You can create universal wheel’s i.e. applicable to both python 2 and 3 or pure python wheels i.e. applicable to only python 3 or python 2, but not both.

You might have noticed that when we installed analysis_package via pip install -e . we didn’t need to build these files. However, if you look carefully at this exert from the output of that pip command you might notice that that was some hidden work building that wheel.

Building wheels for collected packages: analysis_package
  Building editable for analysis_package (pyproject.toml) ... done
  Created wheel for analysis_package: filename=analysis_package-0.1.0-py3-none-any.whl

In our case the build wasn’t time consuming as the package is simple, but if we had to do this fall all packages and their dependencies the process would become painfully slow.
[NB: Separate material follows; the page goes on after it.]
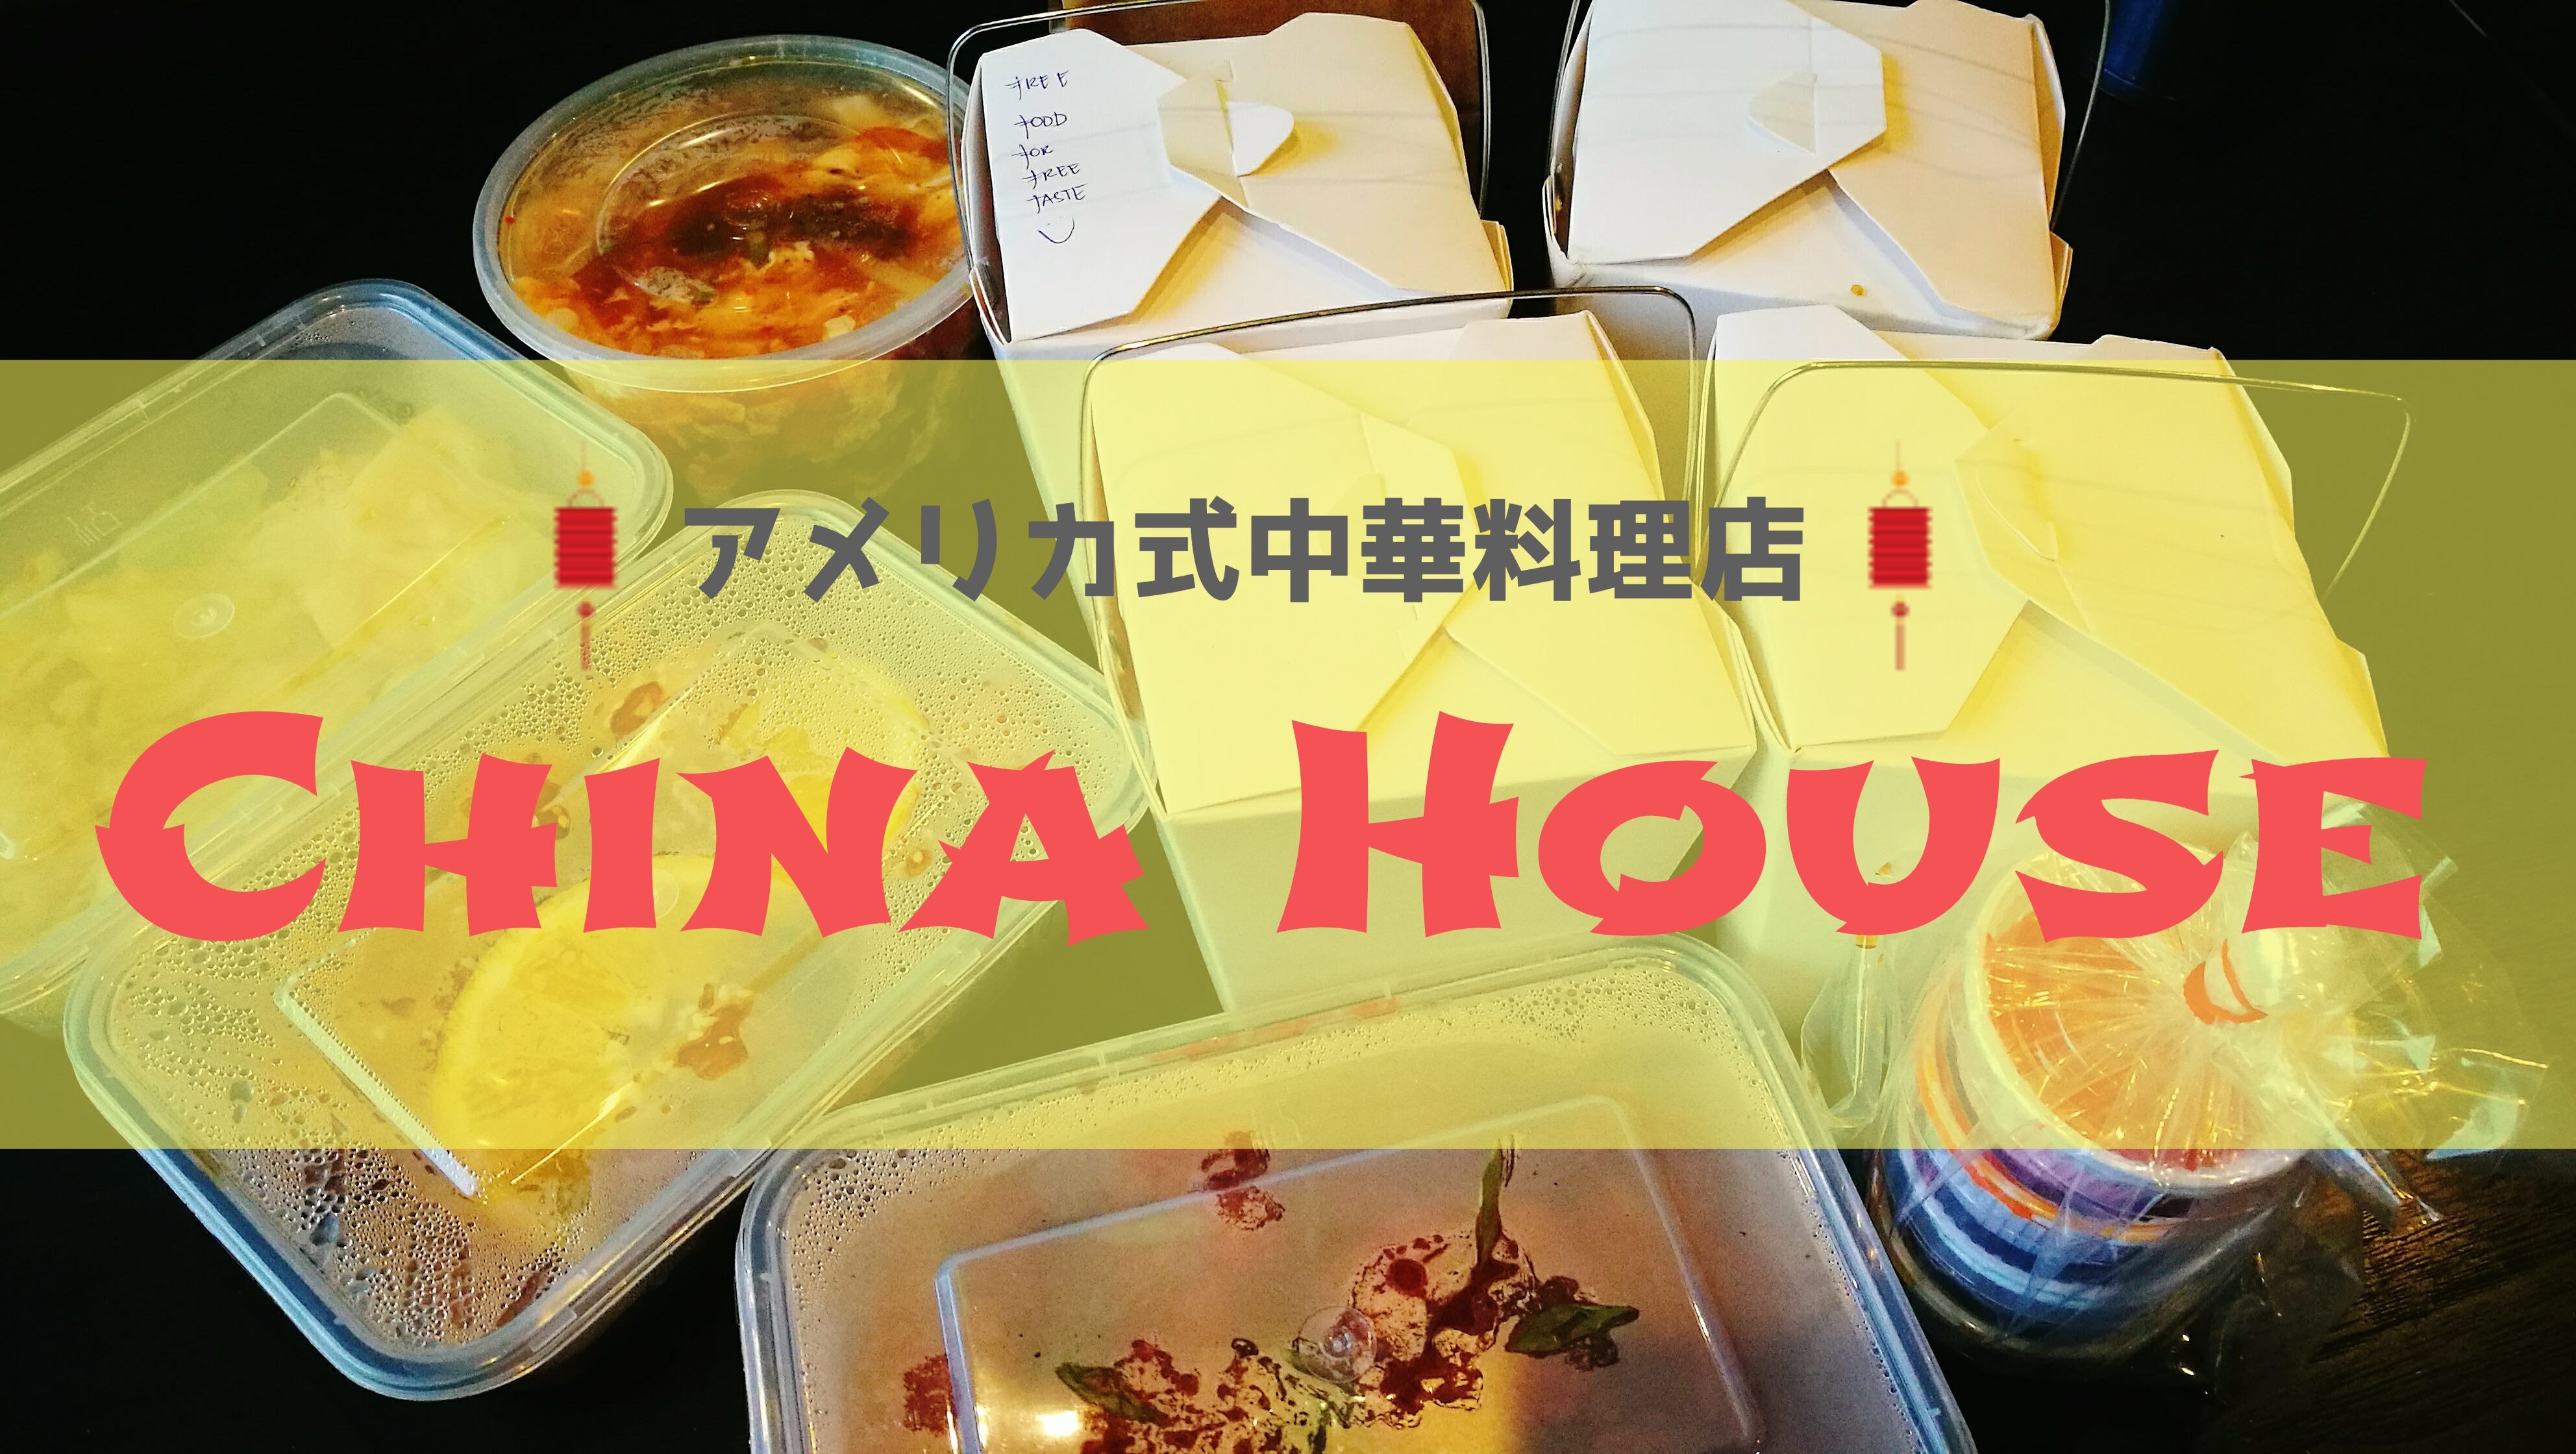 閉店 オンヌットのアメリカ式中華料理店 チャイナハウス China House

Hence we use tools like hatch to build the source and wheel files for us in advance of uploading to a platform like PyPI.

hatch build

This will create a new directory dist/ containing the source and wheel files.

├── dist
│   ├── analysis_package-0.1.0-py3-none-any.whl
│   └── analysis_package-0.1.0.tar.gz

When we know run a pip install locally we don’t need to build the wheel. There’s little advantage in our case, but we’ll need these files when we look at uploading to PyPI shortly.